Source: https://drive.google.com/file/d/1w5XnqaJP_DZWwVsVnRyzTQ7BsZn-3M7H/view?usp=sharing

Reproducibility and Bias

  • Define what constitutes reproducible & replicable data science
  • Explain the challenges and limitations to reproducibility & replicability
  • Understand confirmation bias & Identify cases of confirmation bias

Reproducibility

re-performing the same analysis (with the same code) using a different analyst

Reasons for a study to fail to be reproducible

  • data not provided, unable to be shared
  • lack of peer review, or not in a transparent process
  • missing code, failure to publish code, trade secrets
  • different data provided
  • lack of computational literacy
  • different software versions, deprecated software, or legacy systems
  • lack of statistical literacy or maliciousness (p-hacking)
  • poorly written or incomplete documentation
  • no cash or funding

The Replicability Crisis

Replicable

re-performing the experiment and collecting new data

Replicability is harder than reproducibility

because, by definnition, the underlying data are different. And data are variable.

Replicability

“The measurement can be obtained with stated precision by a different team using the same measurement procedure, the same measuring system, under the same operating conditions, in the same or a different location on multiple trials.”

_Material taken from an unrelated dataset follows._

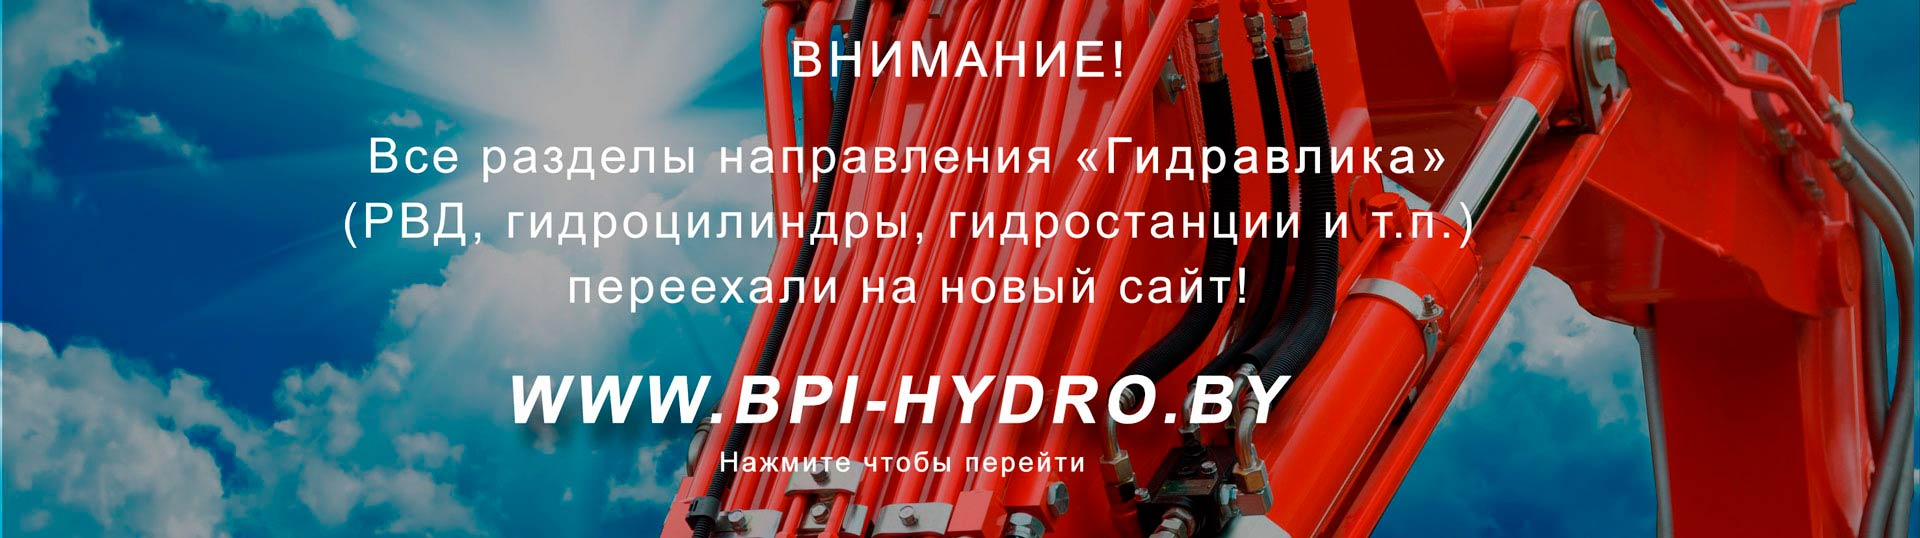 новый сайт гидравлики

Reasons for a study failing to replicate

  • Finding was not “real” (or small effect size)
  • Measurement error
  • Variable finding (things change over time)
  • Samples come from different populations
  • Different experimental design or conditions
  • Fraud

The Unicorn Test

If you find a “unicorn” result, return to your data several times and from a different view points until you are fully convinced.

Cognitive Bias

A cognitive bias wherein humans have a tendency to search for, interpret, favor, and recall information in a way that confirms one’s preexisting beliefs or hypotheses.